When we ignore this, we keep ourselves locked in the stress cycle, running on adrenaline, cortisol, and caffeine. That’s when burnout creeps in, leaving you tired and disconnected from your work.
🌿Ways to practice rest in daily life
Although a vacation every once in a while is necessary, I like to approach rest as an integral part of my routine, hence, I have had to figure out a variety of ways to weave it into my daily life in a way that is beneficial, yet doesn’t feel like yet another chore to add to my calendar.
Here are some of my ways to rest:
Micro-rest: Step away from the desk for five minutes to stretch, sip water, look outside, or simply close your eyes.
Cyclical rest: Align with natural rhythms: take a longer break after a big project, rest on weekends, or create seasonal pauses to shift gears and recallibrate.
Creative rest: Switch to a gentler activity: reading fiction, listening to music, sitting outside… that restores your energy without demanding much of you.

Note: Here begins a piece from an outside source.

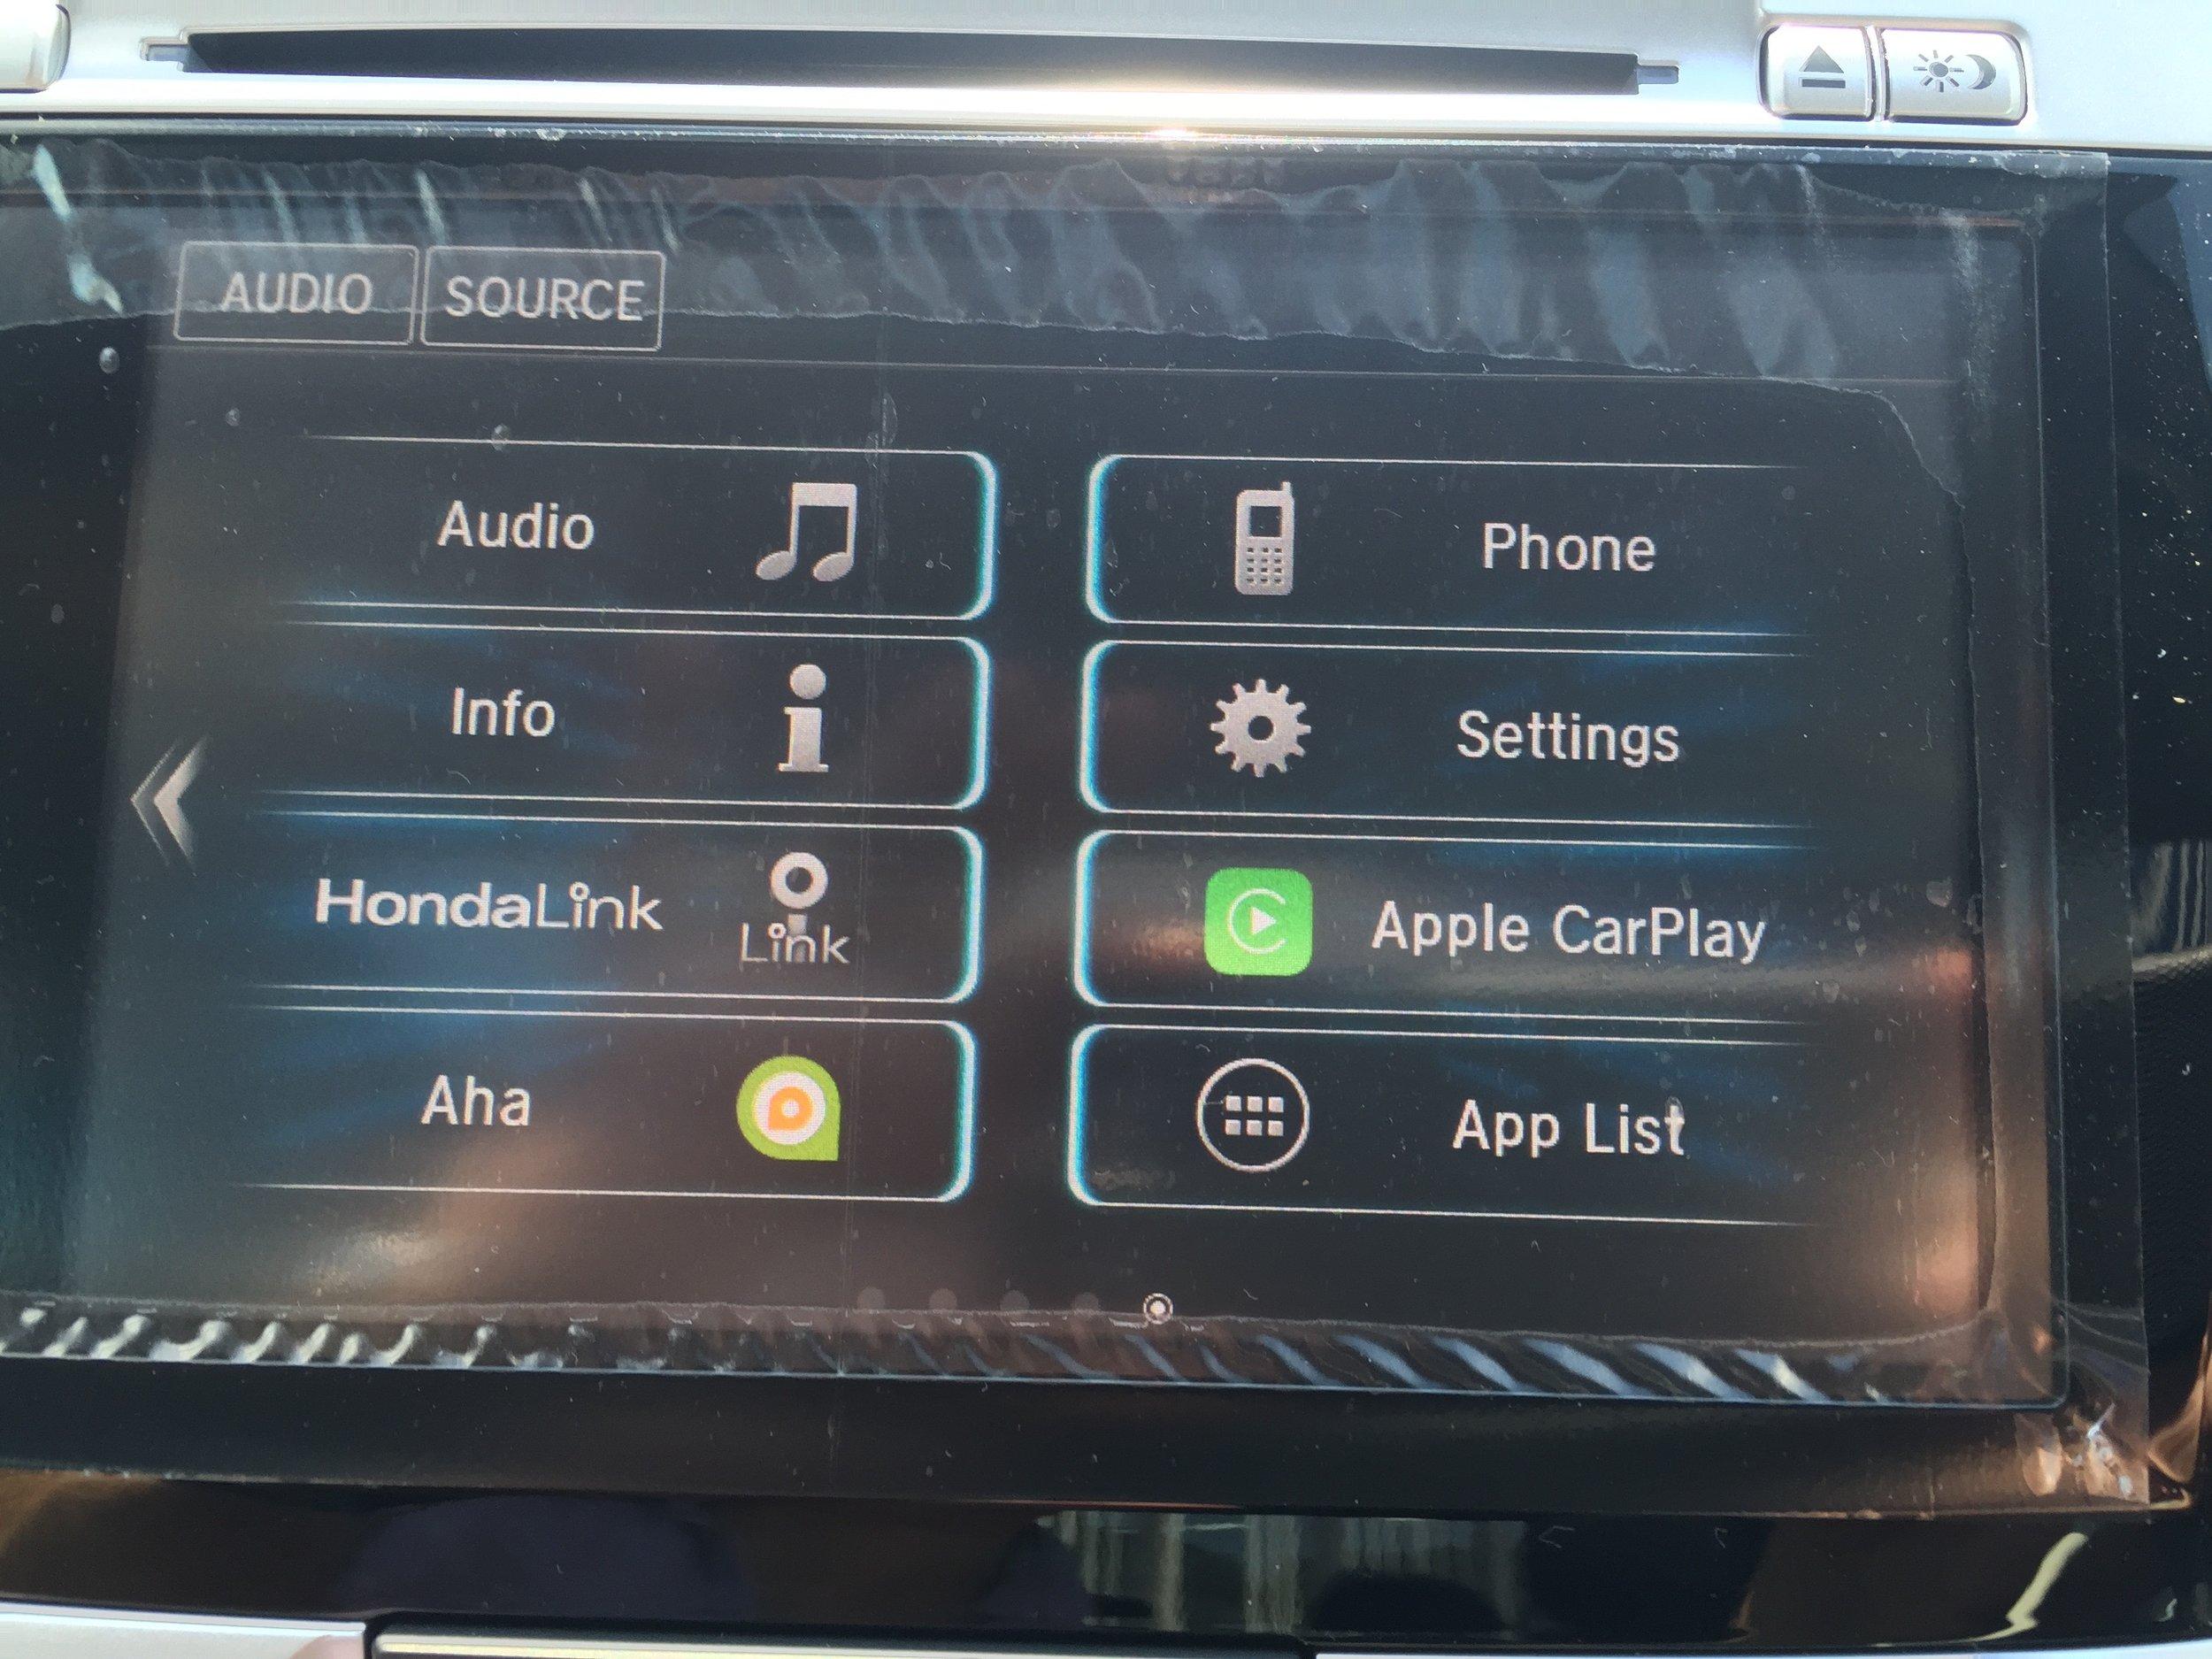 Honda's Car UI - Where are the AM/FM buttons?

Full rest: Sleep, naps, or days off where you allow your nervous system to recover truly.
👉🏾 Think of rest as maintenance, not indulgence.
Play: The Spark of Imagination
If rest restores, play ignites.
Personally, I love to play all the time, I’m not sure who decided that as we grow older we should become not only boring, but bored.
Play is great for all ages, because it reawakens your curiosity: when you’re engaged in playful activity, the brain releases dopamine, a neurotransmitter that fuels motivation and learning, and that’s why breakthroughs often arrive while you’re doodling, moving, or laughing with friends rather than staring at a screen.
Play rewires the brain for creativity.
It strengthens neuroplasticity, allowing you to make new connections and think outside habitual patterns. Without it, work becomes rigid. With it, your imagination stays alive.
“To be playful and serious at the same time is possible, and it defines the ideal mental condition.” Bell Hooks
🎊Ways to invite more play:
If you want to introduce more play into your life and don’t know where to start, here are a few suggestions to inspire you:
Unstructured play: Dance, doodle, or sing. Do something with no goal and no audience.
Playful work: Add lightness to what you’re already doing by experimenting with colours in your notes, setting a fun timer to help you get work done, or use a motivating music playlist.
Social play: Laugh with a friend, play a board game, or share stories. Creativity thrives in connection.
Movement play: Try shaking, skating, yoga, walking barefoot in the grass… Movement frees up the mind.
👉🏾 Play is the antidote to the pressure of “should.” It reminds us that creating can feel light, alive, even fun.
Try This Week
Rest and play can sound simple in theory, but they’re often the first things we sacrifice when life gets full. The truth is, weaving them into our days doesn’t have to be complicated. Small, intentional pauses and moments of joy add up to big shifts over time.
To get you started, here are a few easy practices you can experiment with this week:
Schedule a true pause: Block 30 minutes to an hour in your calendar this week for a nap, a slow walk, an artist date, or any other restful or playful practice of your choice. What could you use more of in your life right now?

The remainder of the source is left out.